▸ **Task**: The required output is the lines below from the line containing "Yu Jing is only" to the line containing "Web Components API: Lifecycle", inclusive, retyped exactly. No other lines belong in it.

━━ Supplied data ━━

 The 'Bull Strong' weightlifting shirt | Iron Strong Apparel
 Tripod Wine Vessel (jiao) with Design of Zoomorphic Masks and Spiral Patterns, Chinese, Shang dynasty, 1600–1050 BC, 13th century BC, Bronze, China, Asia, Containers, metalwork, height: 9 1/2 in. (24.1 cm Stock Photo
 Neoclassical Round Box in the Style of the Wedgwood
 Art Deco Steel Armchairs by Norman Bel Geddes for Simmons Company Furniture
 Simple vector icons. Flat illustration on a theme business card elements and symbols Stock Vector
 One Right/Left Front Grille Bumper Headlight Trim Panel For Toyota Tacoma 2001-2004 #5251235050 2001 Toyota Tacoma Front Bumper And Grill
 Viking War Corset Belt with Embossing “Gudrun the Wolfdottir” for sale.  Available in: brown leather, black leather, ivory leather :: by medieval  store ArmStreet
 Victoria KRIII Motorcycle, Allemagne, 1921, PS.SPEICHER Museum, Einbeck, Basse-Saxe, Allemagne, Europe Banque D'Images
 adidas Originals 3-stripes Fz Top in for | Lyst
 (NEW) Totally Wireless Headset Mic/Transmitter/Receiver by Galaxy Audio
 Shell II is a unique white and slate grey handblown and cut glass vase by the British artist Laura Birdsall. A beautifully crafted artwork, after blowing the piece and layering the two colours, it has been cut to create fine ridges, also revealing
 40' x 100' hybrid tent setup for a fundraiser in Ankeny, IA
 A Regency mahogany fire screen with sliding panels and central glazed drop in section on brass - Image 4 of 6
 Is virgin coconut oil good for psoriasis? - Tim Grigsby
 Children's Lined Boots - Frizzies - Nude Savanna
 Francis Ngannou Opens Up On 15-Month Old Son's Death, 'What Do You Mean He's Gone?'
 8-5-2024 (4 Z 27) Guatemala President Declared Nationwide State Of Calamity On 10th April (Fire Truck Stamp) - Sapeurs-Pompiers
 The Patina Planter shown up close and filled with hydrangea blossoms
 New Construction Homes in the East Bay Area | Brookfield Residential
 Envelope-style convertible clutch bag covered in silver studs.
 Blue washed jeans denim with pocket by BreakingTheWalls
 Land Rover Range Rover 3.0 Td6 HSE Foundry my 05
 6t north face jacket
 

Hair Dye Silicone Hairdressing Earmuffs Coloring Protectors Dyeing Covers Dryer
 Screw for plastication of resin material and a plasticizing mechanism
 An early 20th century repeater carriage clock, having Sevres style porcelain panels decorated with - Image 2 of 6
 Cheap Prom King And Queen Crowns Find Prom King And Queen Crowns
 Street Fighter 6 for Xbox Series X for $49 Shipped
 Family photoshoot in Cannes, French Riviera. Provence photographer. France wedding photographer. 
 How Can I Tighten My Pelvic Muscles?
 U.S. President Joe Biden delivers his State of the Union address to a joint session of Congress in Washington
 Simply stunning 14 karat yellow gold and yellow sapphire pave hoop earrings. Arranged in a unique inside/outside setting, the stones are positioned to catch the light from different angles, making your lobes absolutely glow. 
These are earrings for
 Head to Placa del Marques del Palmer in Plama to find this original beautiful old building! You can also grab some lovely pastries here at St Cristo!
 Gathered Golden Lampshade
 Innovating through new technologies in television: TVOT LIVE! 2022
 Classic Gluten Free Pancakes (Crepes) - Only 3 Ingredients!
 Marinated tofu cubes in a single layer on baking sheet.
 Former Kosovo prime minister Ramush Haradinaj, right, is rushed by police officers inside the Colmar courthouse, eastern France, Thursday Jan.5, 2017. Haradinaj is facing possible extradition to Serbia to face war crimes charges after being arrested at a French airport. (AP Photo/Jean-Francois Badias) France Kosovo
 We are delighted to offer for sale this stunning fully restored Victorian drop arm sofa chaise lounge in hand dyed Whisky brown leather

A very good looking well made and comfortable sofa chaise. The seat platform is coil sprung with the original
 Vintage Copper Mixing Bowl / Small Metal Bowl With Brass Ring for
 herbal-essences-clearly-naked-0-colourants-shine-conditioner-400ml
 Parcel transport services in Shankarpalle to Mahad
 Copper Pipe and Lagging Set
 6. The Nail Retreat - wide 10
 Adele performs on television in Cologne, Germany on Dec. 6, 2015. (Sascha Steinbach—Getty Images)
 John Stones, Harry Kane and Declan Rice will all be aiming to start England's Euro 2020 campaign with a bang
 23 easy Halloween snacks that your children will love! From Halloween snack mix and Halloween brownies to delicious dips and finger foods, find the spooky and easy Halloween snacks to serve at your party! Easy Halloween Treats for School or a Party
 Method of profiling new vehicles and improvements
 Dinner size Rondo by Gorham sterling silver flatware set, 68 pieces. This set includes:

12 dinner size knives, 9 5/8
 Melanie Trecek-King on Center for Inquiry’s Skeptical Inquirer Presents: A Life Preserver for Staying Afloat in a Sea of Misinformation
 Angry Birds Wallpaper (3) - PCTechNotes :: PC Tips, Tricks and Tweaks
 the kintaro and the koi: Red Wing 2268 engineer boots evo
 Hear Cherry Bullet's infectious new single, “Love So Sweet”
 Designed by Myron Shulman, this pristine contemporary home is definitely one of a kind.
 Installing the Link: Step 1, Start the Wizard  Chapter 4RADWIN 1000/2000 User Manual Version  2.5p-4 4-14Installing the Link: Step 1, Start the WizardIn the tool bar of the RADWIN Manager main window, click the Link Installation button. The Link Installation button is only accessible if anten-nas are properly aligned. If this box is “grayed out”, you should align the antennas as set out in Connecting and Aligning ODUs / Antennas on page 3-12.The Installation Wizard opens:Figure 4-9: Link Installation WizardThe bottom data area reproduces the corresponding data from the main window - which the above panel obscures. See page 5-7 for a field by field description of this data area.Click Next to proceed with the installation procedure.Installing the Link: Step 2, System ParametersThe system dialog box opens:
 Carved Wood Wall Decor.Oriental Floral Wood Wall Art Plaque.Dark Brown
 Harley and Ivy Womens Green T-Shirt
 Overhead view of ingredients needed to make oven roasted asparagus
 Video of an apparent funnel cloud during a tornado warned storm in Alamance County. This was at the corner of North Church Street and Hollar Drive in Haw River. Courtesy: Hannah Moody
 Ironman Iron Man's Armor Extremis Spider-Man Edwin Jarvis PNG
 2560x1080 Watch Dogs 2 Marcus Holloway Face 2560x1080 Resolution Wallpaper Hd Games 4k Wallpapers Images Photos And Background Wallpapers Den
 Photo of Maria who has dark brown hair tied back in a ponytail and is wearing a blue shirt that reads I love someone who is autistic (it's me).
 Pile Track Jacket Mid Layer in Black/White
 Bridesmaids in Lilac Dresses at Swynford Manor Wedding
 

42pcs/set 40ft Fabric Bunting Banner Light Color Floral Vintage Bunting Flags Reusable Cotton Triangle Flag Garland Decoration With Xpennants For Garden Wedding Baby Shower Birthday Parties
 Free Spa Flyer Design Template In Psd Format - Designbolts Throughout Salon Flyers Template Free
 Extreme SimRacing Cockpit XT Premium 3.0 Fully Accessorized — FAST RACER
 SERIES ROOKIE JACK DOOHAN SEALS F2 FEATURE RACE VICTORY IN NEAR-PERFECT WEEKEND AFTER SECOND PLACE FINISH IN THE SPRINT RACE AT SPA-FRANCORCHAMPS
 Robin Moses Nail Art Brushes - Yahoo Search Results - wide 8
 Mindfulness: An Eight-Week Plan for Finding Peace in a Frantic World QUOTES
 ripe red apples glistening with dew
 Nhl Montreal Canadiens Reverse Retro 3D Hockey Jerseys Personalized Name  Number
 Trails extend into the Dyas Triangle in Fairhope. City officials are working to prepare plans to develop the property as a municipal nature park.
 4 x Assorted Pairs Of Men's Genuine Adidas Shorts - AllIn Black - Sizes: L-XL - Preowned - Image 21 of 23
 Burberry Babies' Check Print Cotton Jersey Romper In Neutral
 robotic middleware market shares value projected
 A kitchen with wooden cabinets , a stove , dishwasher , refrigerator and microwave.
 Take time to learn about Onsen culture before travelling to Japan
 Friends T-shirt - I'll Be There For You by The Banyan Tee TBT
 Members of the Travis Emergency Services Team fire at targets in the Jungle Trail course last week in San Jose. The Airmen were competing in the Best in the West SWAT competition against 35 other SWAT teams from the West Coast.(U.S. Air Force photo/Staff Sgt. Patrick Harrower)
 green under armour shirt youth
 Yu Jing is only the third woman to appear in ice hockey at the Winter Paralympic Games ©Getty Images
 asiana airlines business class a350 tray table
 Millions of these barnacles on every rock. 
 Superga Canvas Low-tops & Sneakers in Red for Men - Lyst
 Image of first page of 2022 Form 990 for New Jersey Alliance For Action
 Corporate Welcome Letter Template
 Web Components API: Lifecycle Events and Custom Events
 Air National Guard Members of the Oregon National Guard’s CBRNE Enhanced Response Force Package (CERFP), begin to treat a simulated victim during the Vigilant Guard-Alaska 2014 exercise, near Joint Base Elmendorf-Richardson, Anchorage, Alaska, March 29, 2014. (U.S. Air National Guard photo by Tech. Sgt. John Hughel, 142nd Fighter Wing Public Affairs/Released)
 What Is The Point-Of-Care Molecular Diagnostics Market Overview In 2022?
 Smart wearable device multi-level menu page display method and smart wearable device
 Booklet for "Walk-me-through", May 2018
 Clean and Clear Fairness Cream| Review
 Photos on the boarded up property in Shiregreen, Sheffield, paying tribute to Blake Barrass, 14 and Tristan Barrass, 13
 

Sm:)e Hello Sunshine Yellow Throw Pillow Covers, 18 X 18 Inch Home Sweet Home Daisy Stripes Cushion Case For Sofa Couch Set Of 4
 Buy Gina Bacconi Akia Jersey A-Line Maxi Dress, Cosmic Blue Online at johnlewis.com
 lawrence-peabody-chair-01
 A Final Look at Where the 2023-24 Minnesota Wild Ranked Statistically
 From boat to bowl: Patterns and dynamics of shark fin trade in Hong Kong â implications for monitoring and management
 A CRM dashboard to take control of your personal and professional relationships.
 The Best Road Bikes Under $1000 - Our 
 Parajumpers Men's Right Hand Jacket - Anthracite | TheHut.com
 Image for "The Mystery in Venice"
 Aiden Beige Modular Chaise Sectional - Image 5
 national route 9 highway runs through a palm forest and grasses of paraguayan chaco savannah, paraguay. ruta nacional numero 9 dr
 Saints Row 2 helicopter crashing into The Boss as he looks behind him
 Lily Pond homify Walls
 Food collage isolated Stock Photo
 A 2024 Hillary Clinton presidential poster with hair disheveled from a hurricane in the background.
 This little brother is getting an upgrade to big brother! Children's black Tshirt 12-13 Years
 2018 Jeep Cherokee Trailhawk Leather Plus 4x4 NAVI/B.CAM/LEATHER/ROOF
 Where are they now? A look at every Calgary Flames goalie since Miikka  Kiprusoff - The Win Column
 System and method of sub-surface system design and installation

━━━

▸ **Output for this task**:
 Yu Jing is only the third woman to appear in ice hockey at the Winter Paralympic Games ©Getty Images
 asiana airlines business class a350 tray table
 Millions of these barnacles on every rock. 
 Superga Canvas Low-tops & Sneakers in Red for Men - Lyst
 Image of first page of 2022 Form 990 for New Jersey Alliance For Action
 Corporate Welcome Letter Template
 Web Components API: Lifecycle Events and Custom Events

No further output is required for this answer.